Right now, the goal of saving for a house keeps her going at work.

“What I’m getting out of this is ensuring that I get the house of my dreams, and that’s what motivates me to wake up in the morning,” she said.

Her company benefits, such as access to therapy and the ability to work remotely, have helped, too.

“If I didn’t have those benefits, maybe I wouldn’t be able to cope, I wouldn’t be able to manage the pandemic,” Rachael said, adding that if she were required to go into work every day, “I would really be pushed to continue my journey in looking elsewhere to save my livelihood, to save my life.”

What to do if you want to leave your job but can’t during the pandemic.

1. Plan ahead for your next career move. Be proactive about laying the groundwork for your next job, even if you don’t think you can leave your current one right now. Brush up your résumé and cover letter, and network with others who have the careers you want so that when you are ready to job hunt, you can hit the ground running.

Rachael said that people who are not in their ideal jobs should ask themselves who they are, where they want to be and what their strengths are.

“For me, my thought was, ‘Life is short. What do you want your legacy to be? And where do you want to invest your time?’” Rachael said.

2. Don’t compare yourself to who you were professionally before the pandemic. But do adjust and experiment with what works. Reset your definition of what good work means during a pandemic. Sometimes, that means accepting “good enough” as your new job standard.

“We are all, to some degree, working with at least one hand tied behind our backs,” licensed psychologist Kristin Bianchi previously told HuffPost. “We can’t judge ourselves based on what we were able to do pre-pandemic, before physical distancing restrictions were put into place.”

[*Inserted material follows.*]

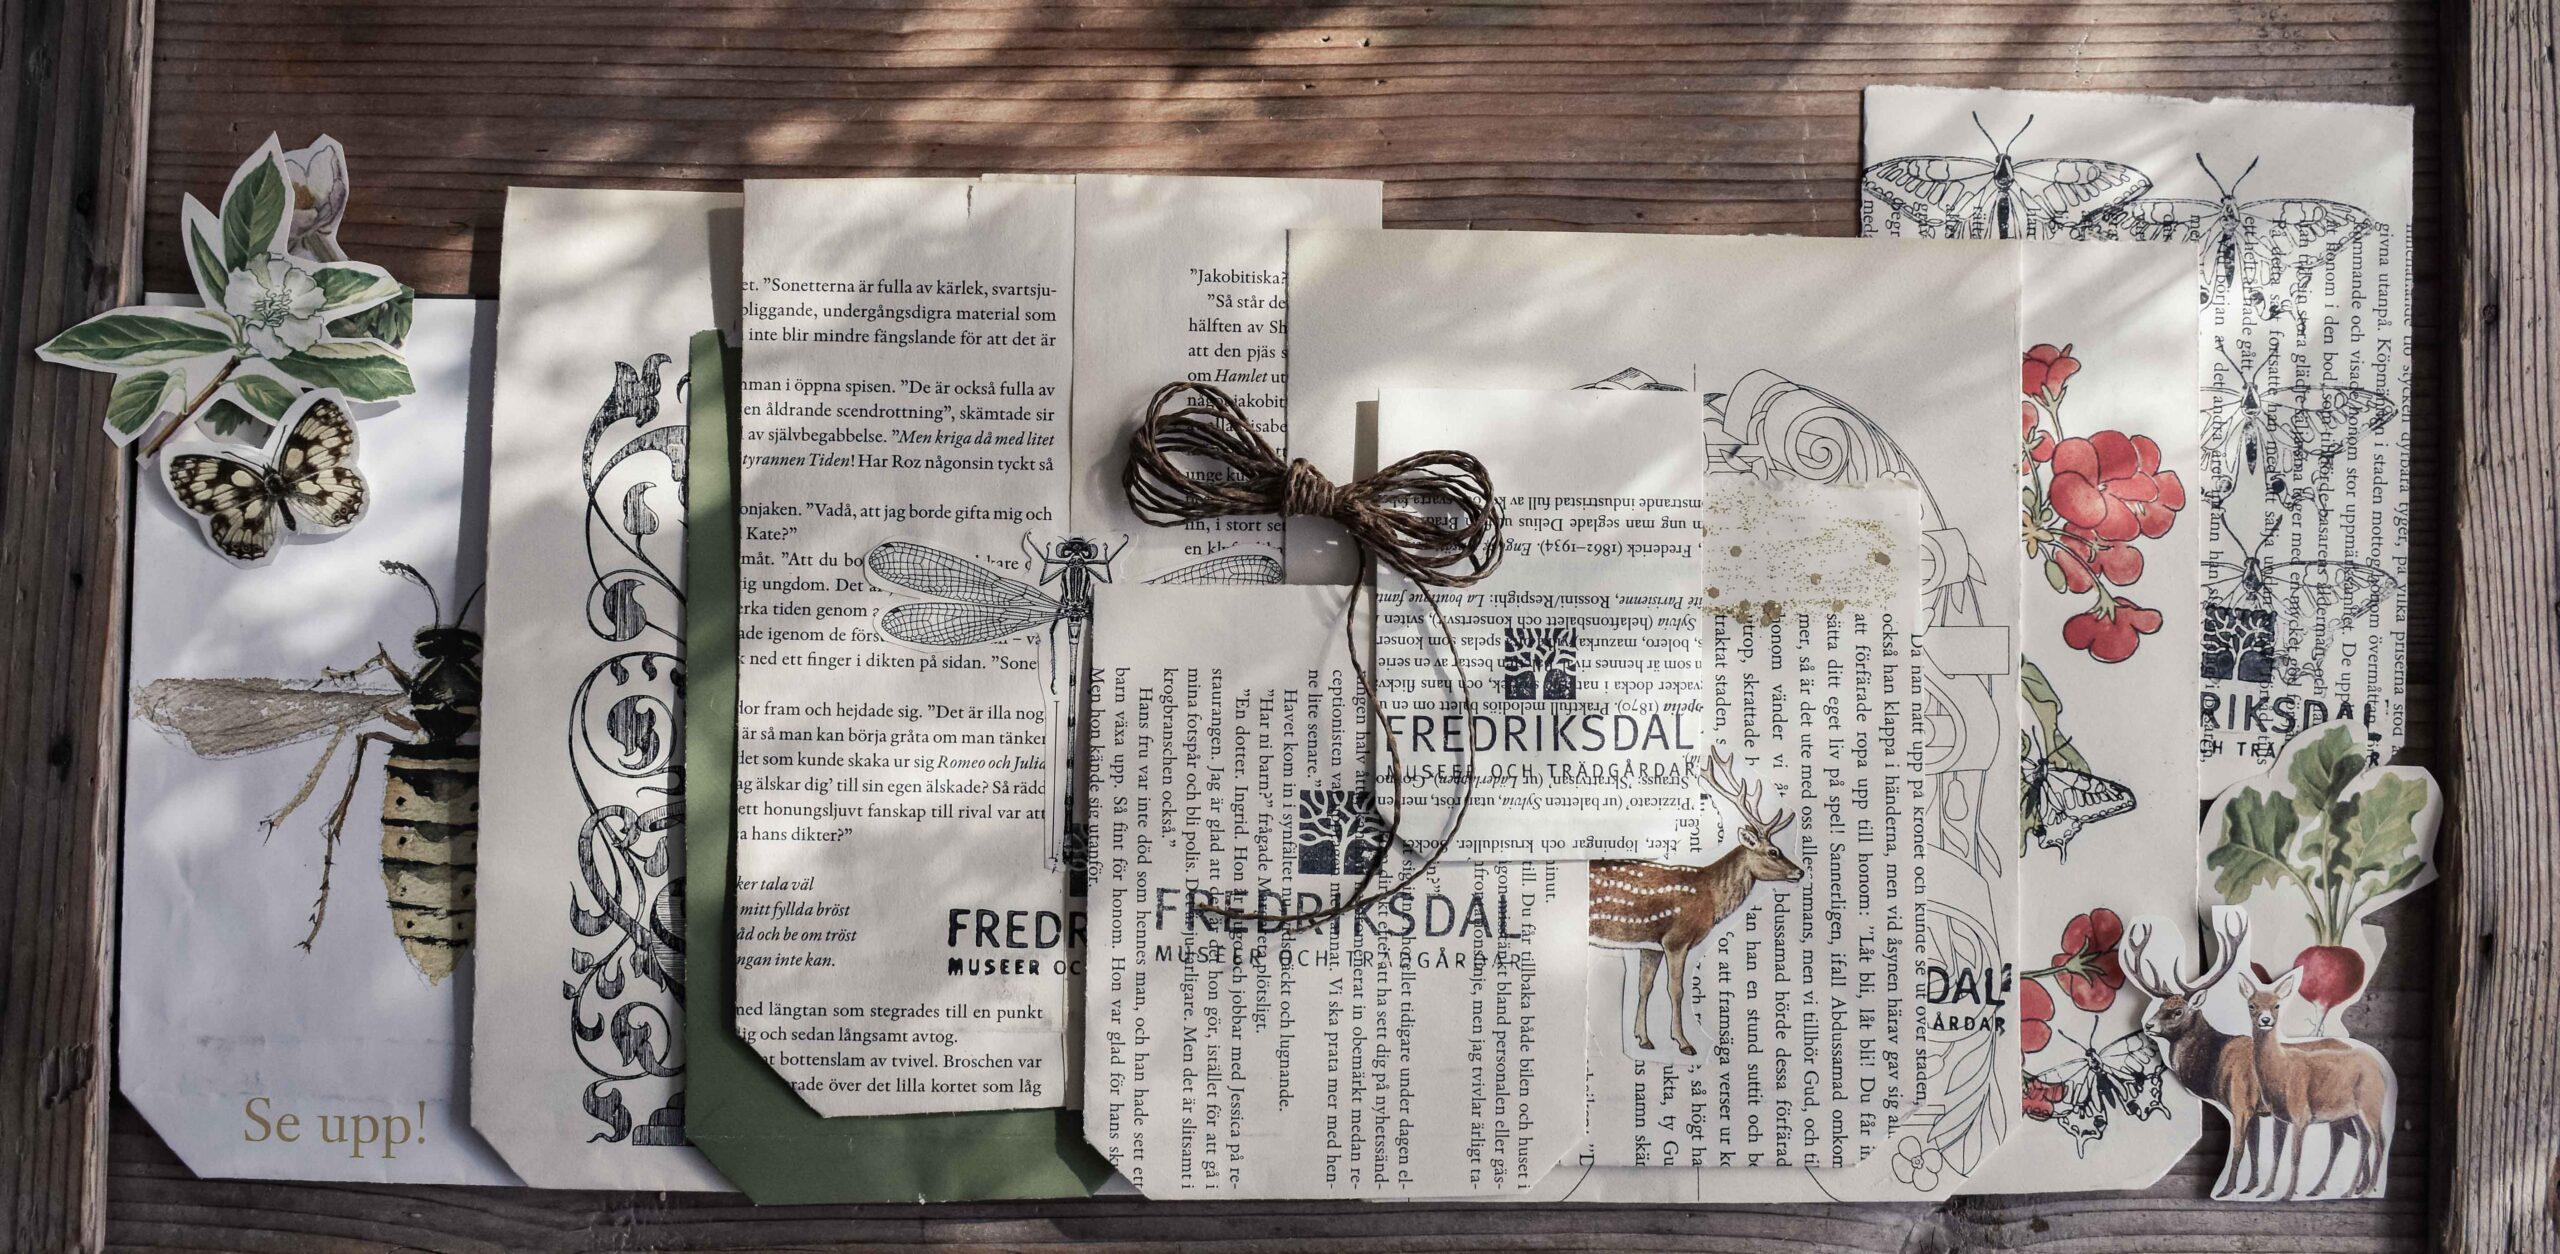 K_lagupplosta_6_book-1

It’s not useful to push yourself beyond what you’re capable of, but Horsham-Brathwaite suggested doing periodic check-ins with yourself to see if your current level of disengagement needs to continue or if you can give a little bit more.

3. Understand that complete detachment can be a sign of deeper issues and focus on finding fulfillment elsewhere. Loss of interest in the world around you is a sign of burnout and depression. If you are coasting through your job with no sense of meaning or engagement at all, Horsham-Brathwaite said, recognize that you may be missing out on feelings that contribute to an overall sense of wellness and need to seek them elsewhere.

“Give yourself permission for enjoyment,” Horsham-Brathwaite said. “Your satisfaction doesn’t just have to come from how you perform in your work.”

She suggested doing activities that either supplement your life outside of work by using skills and talents that are already meaningful to you or that help you grow and develop, such as participating in your church or joining clubs.